И он, скарёжен классовою злобою,
идет неслышно портить вентилятор,
чтобы шахтеры выли, задыхаясь по забоям,
как взаперти мычат горящие телята.
 
   Выдающийся металлург, автор гидравлической теории пламенных печей, профессор В.Е. Грум-Гржимайло отмечал, что в стране имеется всего 21 инженер-оптик, из них 15 уже арестованы, а в записке в Президиум НТУ ВСНХ от 18 июля 1928 года вполне открыто изложил свои взгляды:
   «Учение Маркса есть отсталое учение, уже потерявшее всякую под собой почву. Оно было создано в период расцвета мускульного труда и почти полного отсутствия технического знания и промышленности. Теперь картина резко меняется, и я совершенно убежден, что через 50 лет никакого пролетариата не будет. Как труд рабов, необходимый в древние времена, заменился работою пара и гидравлической силы, так труд пролетариата заменится электричеством. Наш инженерный идеал, зарю которого мы уже видим в железопрокатных заводах Америки, есть завод без рабочих. Это даст людям такое обилие жизненных ресурсов, что в классовой борьбе не будет смысла. Капитализм прекрасно справляется с задачей насаждения этой будущей культуры: гражданин САСШ уже сейчас в 12 раз богаче русского и во столько же раз лучше обеспечен жизненными ресурсами. Из сказанного очевидна одиозность диктатуры мозолистых рук… Большевики излечат русских от национального порока – беспечности – и, как следствие ее, расточительности. За это стоит заплатить. И вот почему я приветствую этот опыт, как бы тяжелы ни были его последствия для современного мне поколения».

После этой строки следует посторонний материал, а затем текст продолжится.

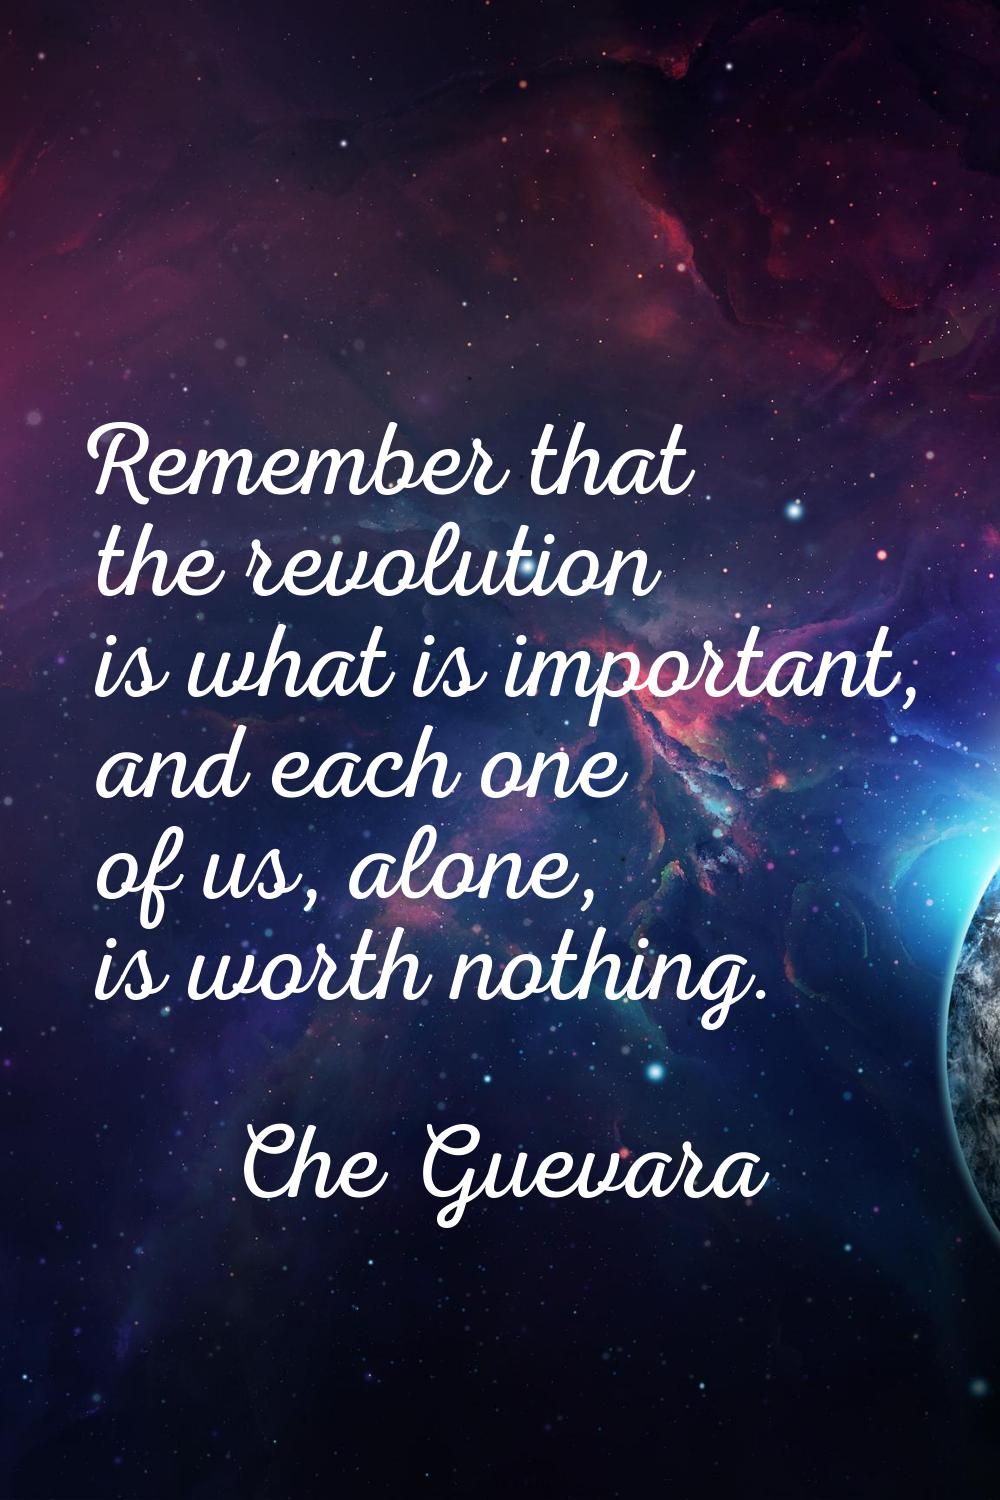 Remember that the revolution is what is important, and each one of us, alone, is worth nothing.

   Если бы письмо написал не умирающий, то вполне хватило бы этой антисоветской ереси, чтобы сделать из Владимира Ефимовича какого-нибудь министра в каком-нибудь «подпольном правительстве». Но ведь и кроме него в стране хватало «умников», не веривших в коммунизм, не желавших участвовать в строительстве химеры, понимавших, что «светлое будущее всего человечества» – морковка перед мордой осла.
   Генсек неспроста предупреждал партийцев: «Нельзя считать случайностью так называемое шахтинское дело. «Шахтинцы» сидят теперь во всех отраслях нашей промышленности. Многие из них выловлены, но далеко еще не все выловлены. Вредительство буржуазной интеллигенции есть одна из самых опасных форм сопротивления против развивающегося социализма».

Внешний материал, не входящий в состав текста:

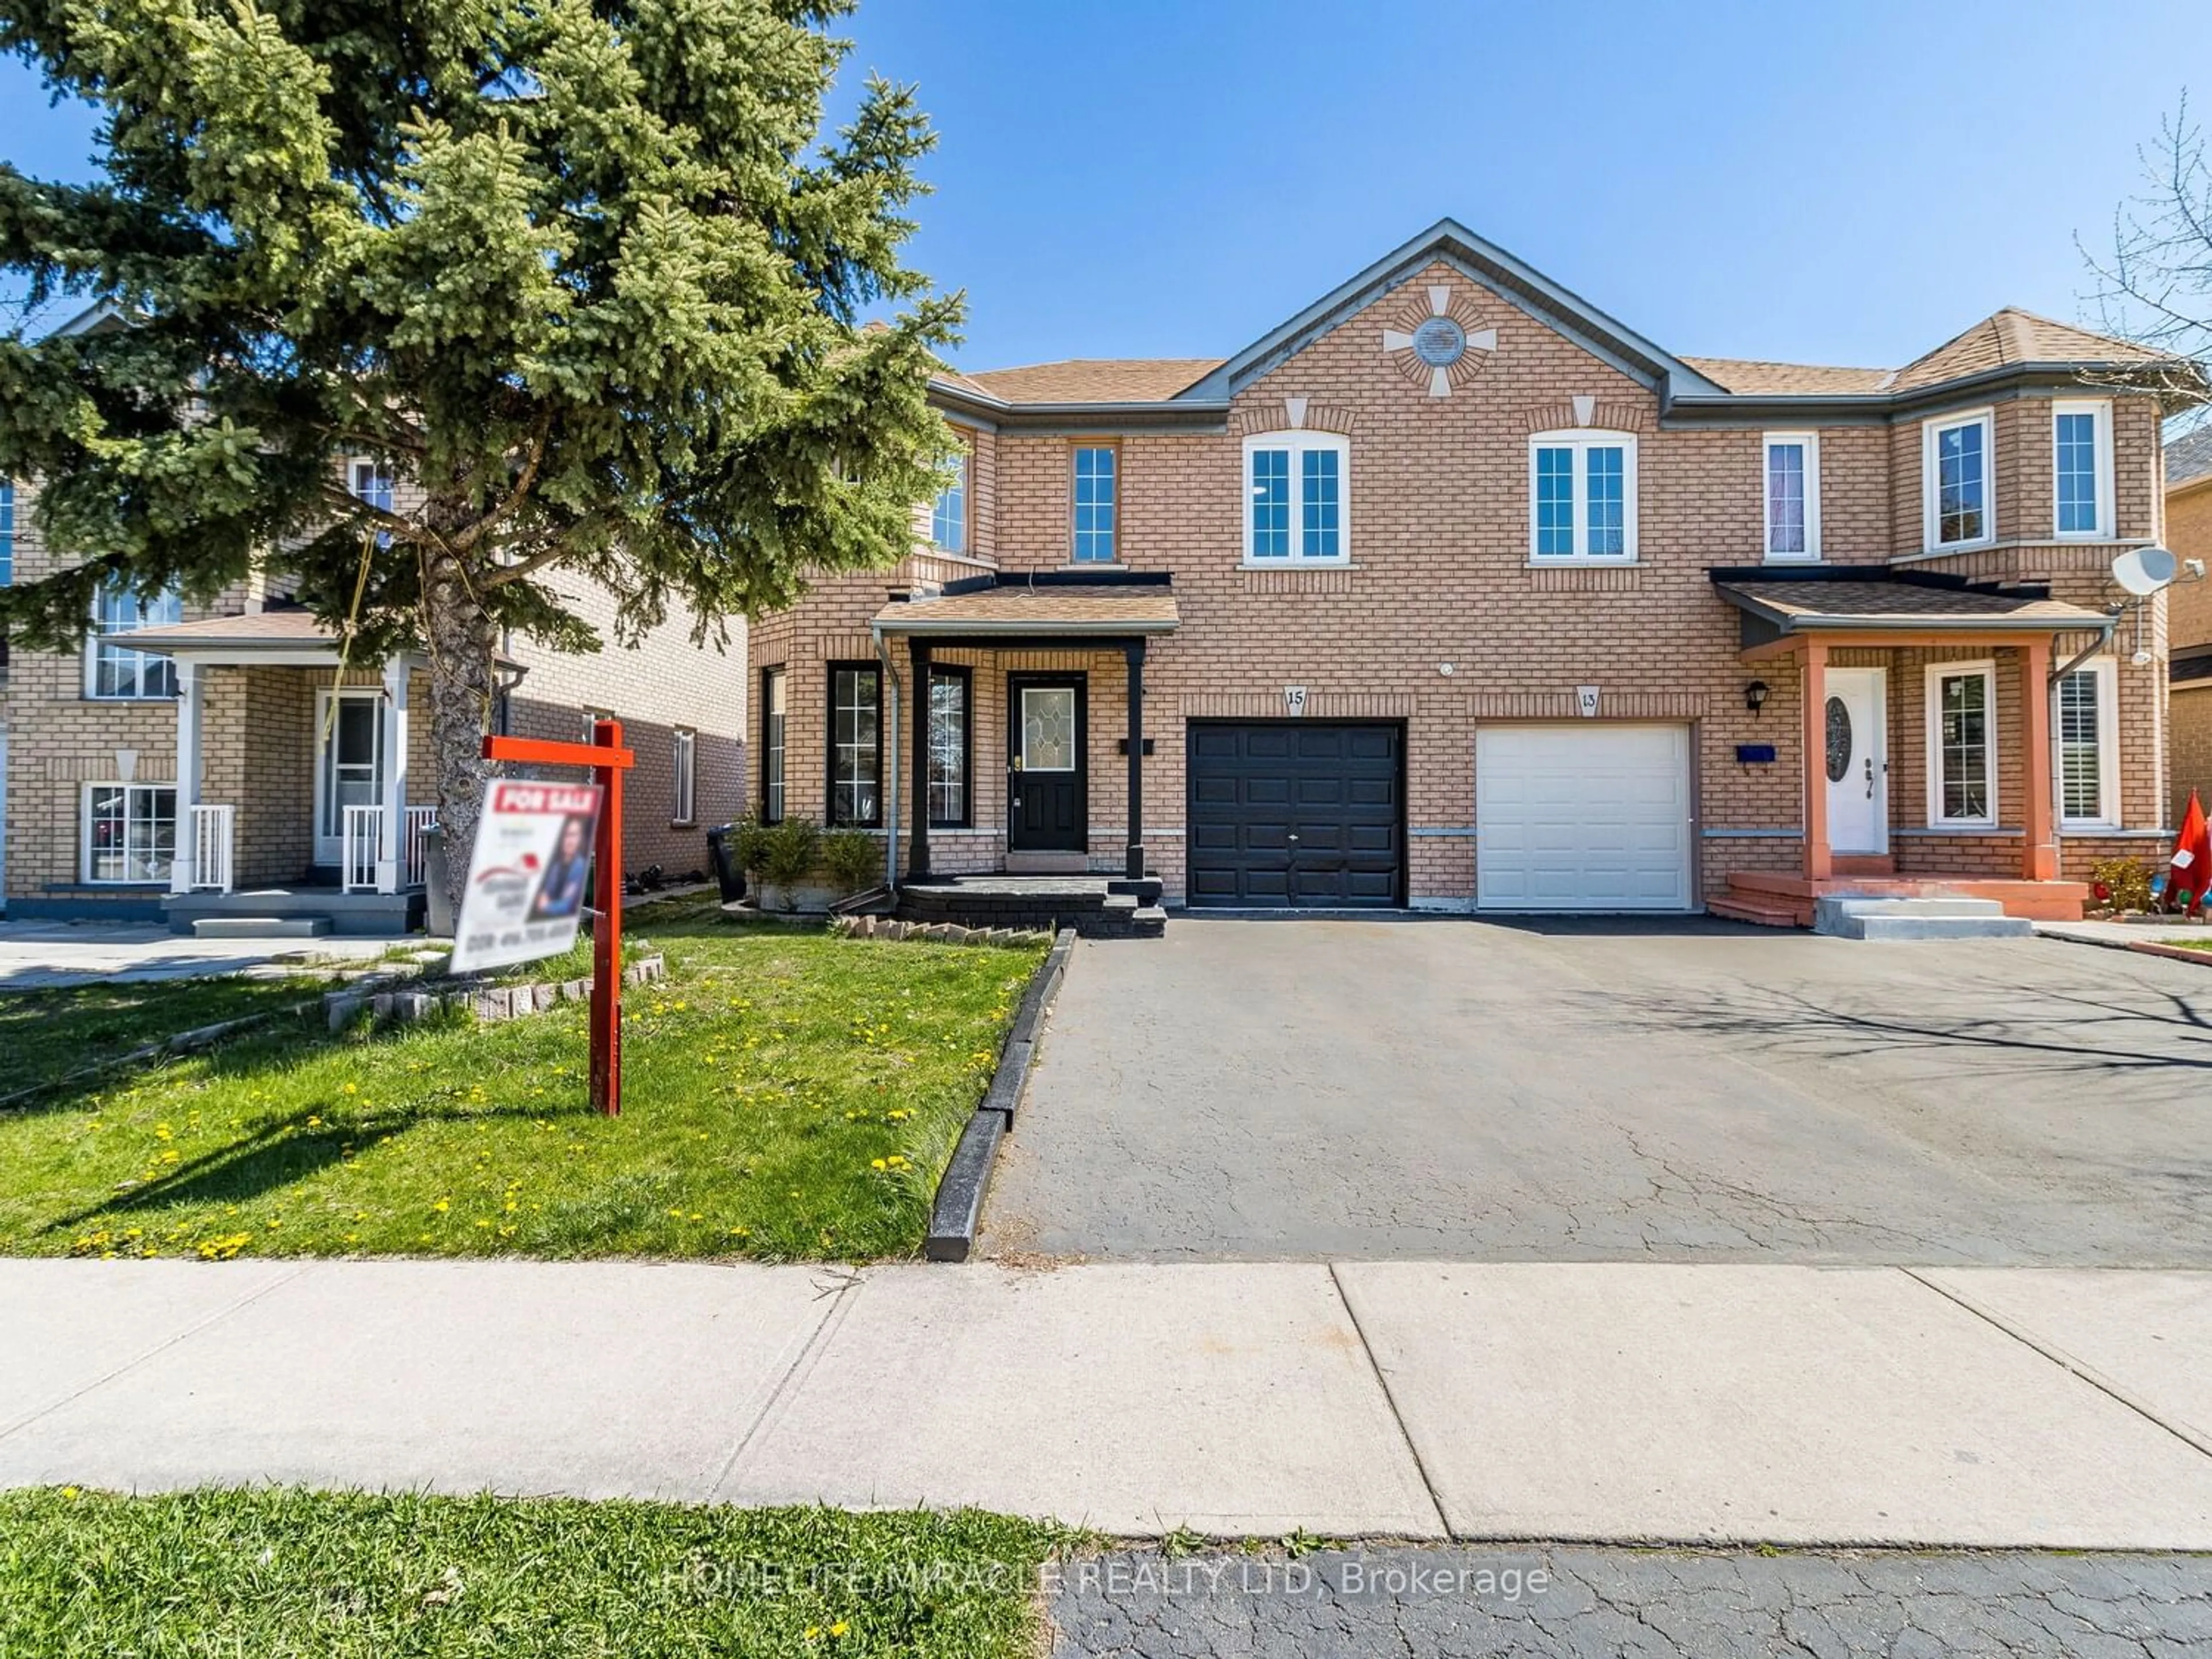 Frontside or backside of a home for 15 Flatlands Way, Brampton Ontario L6R 2B5

   О контрреволюционном монархическом заговоре генералов и полковников царской армии, захвативших в свои руки управление всей военной промышленностью, ОГПУ доложило Сталину в марте 1929 года. Вождь разослал записку членам и кандидатам в члены Политбюро с требованием «обратить серьезнейшее внимание» на материалы против «группы специалистов по военной промышленности».

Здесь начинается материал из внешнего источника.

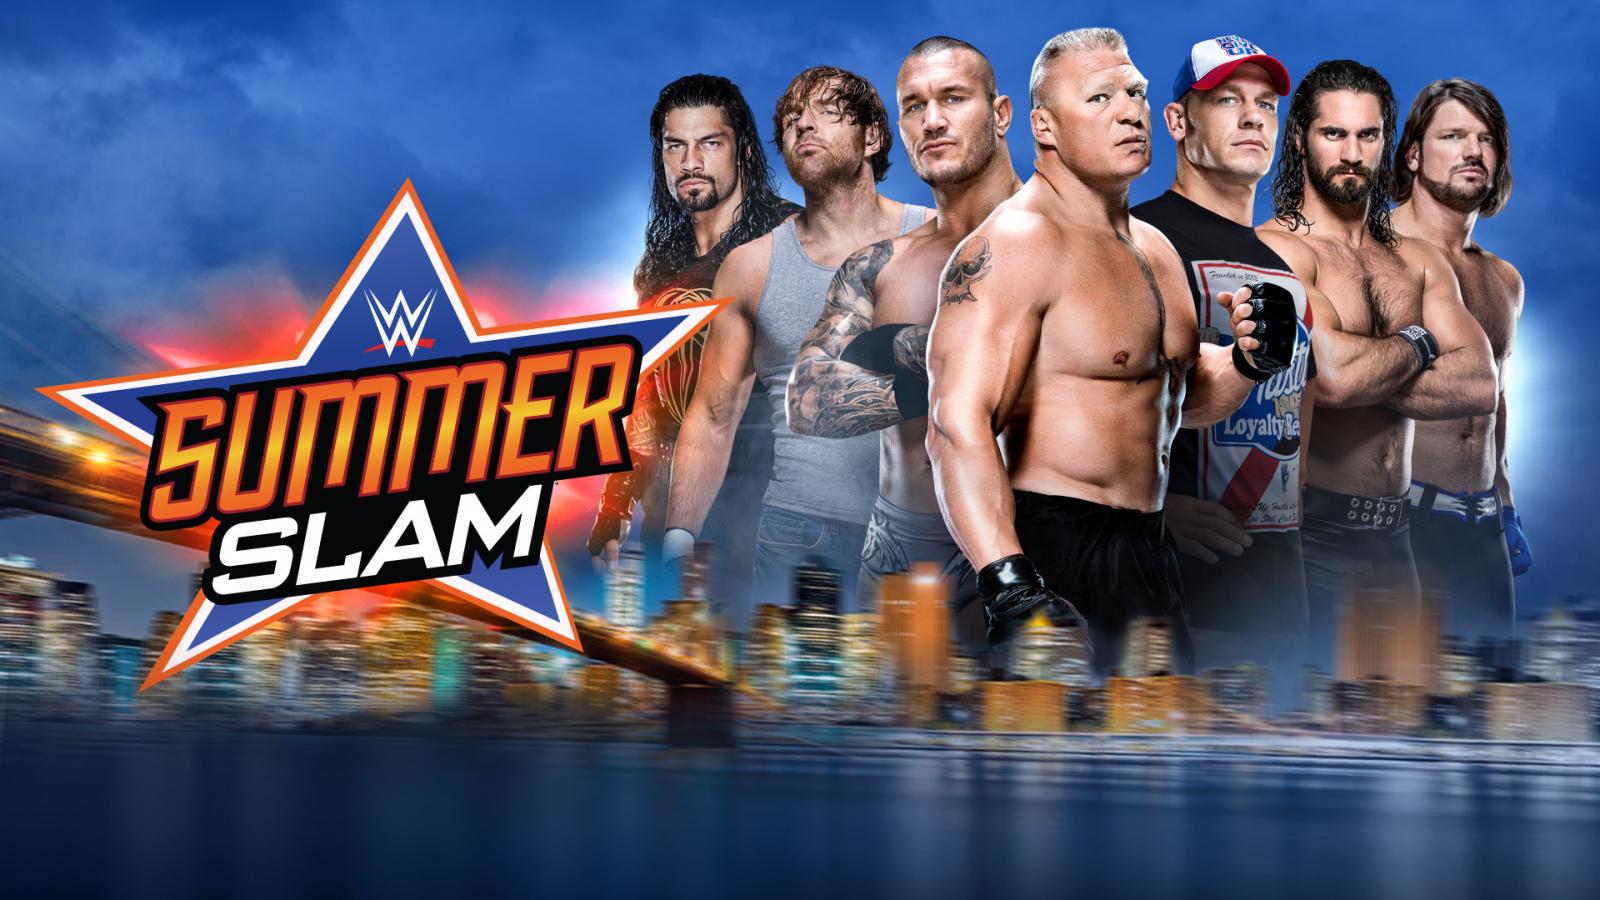 When Is WWE SummerSlam 2016? Date, Location and Start Time

   В июле, подсчитав улов, чекисты состряпали «Обвинительное заключение по делу о вредительской организации в военной промышленности», послужившее основанием для принятия следующих решений:
   а) разослать обвинительное заключение ОГПУ членам ЦК и ЦКК, а также хозяйственникам, в том числе директорам заводов, в особенности в военной промышленности;
   б) предрешить расстрел руководителей контрреволюционной организации вредителей в военной промышленности, а самый расстрел отложить до нового решения ЦК о моменте расстрела;
   в) предложить ОГПУ представить список лиц, подлежащих расстрелу, и материалы;
   г) произвести чистку всего личного состава Военпрома от Главного управления до заводов на местах.
   Расследованием было твердо установлено, что несоответствие между возможностями промышленности и потребностями обороны страны возникло вследствии многолетней «вредительской работы» старых специалистов и отсутствия бдительности у членов партии.
   25 октября Политбюро предложенный список утвердило, а 29-го были расстреляны без суда: помощник начальника ГВПУ бывший генерал В.С. Михайлов, член правления орудийно-арсенального треста генерал В.С. Высочанский, член правления патронно-трубочного треста генерал В.Л. Дымман, член правления военно-химического треста генерал В.Н. Деханов, заведующий научно-техническим бюро ружейно-пулеметного треста генерал Н.В. Шульга.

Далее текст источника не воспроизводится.